With a population of between 900 and 1 million people let us take a closer look at the history behind what are known as the Spice Islands.
For centuries past the Islands of Zanzibar attracted explorers. Sumerians, Egyptians, Assyrians, Indians, Chinese, Portuguese, Persians, Dutch and the English are among many.
Of these Shirazi Persians and Omani Arabs decided to stay and rule. As a result the population of Zanzibar is 97% Islamic and 3% Christian, Hindu or Sikh.
Arabs sailed from Oman to trade in slaves, ivory and spices.
In 1832 Sultan Seyyid Said of the Busaid dynasty in Oman moved his sultanate from Muscat to Zanzibar. He and his descendants ruled here for 130 years. The Arab community owned most of the land and did not intermarry with the local Africans. The same cannot be said however for the Shirazi Persians who came from the Middle East as early as AD975 to settle on the African East Coast.
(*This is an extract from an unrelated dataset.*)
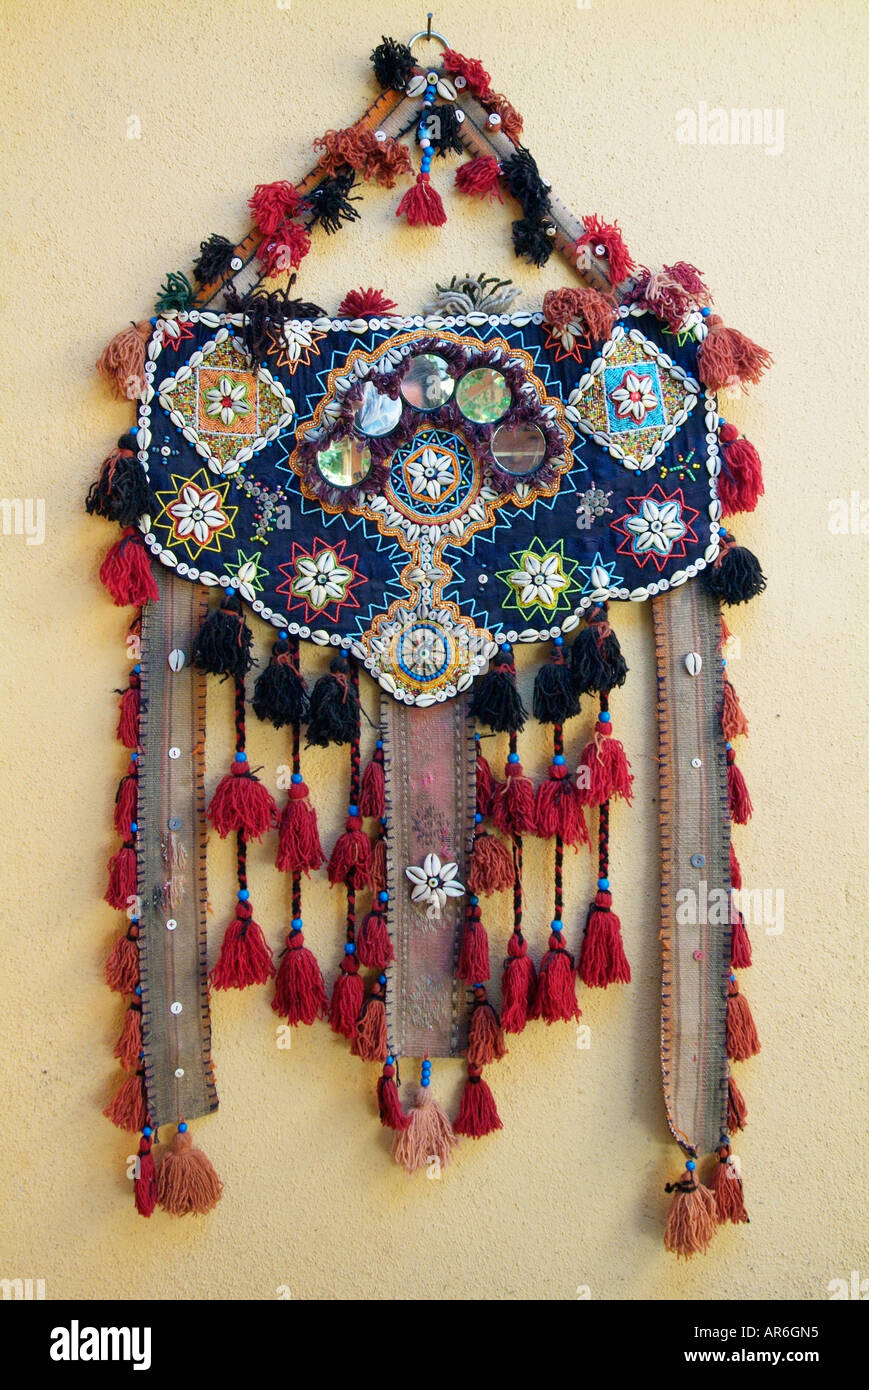 shop Turkey Fabric cloth drape weekly market shop bazaar trade ...

Zanzibar is a poor island, however has a wealth of historical monuments worth visiting where you can note the African, British and Arab influences. The contrast in Zanzibar between the main Town area, Stone Town and the Tourist venues on the Islands are startling. The poverty in the town is heart rendering. Stone Town consists of approximately 2500 buildings all made of coral stone, lime and clay, including 45 Mosques, 2 Christian churches and 4 Hindu halls.
The architecture is fascinating and you can almost imagine what it looked like in yesteryear. Visiting the Slave quarters gives you a compassion for humanity as you stand in the claustrophobic chamber where the slaves crouched toe-to-toe 50-70 side by side, listening to the roar of the crashing ocean in hunger.
Delightful artifacts and curios are worth their bargain price and more. I would encourage you to purchase from the little shops in Stone Town that are hidden in little alleyways worth discovering but brace yourself for an eye opener if you have not set foot in rural Africa before.
A bus ride in Zanzibar is not for the faint of heart and if ever to drive their make sure the hooters works because this seems the only means of road rule as vehicles hurtle in their direction and speed of choice.
Stopping in the Plantations and walking with the local children and tour guide discovering the spices was an afternoon that will remain with me forever. To tear a strip of cinnamon off a tree while sipping from the milk of a coconut shell and watching long legged chickens speeding through the trees you realise that here there is so much wealth.
Here you have poverty in its absolute extreme, a land rich in spices and fresh fruit and a people so humble with children attending to your every need, making grass rings and bags in the hope of a spare dollar.
Something that struck me however even at the Hotel where I stayed, other than a mangled cat and a crow I saw no bird or animal life. Although In Jozani forest about 35kms South East of Zanzibar Town you can see the blue Sykes Monkeys and the red Colour bus Monkeys.
Zanzibar is a fascinating and exotic wedding destination. Many beautiful venues look forward to marrying couples on their beaches. Arrive four days before to make time to see the priest who will do the wedding, and organise all your legal documentation. Make sure you have all your paper work and appointments in order before departure and then enjoy as much time as possible relaxing in the paradise of the Islands.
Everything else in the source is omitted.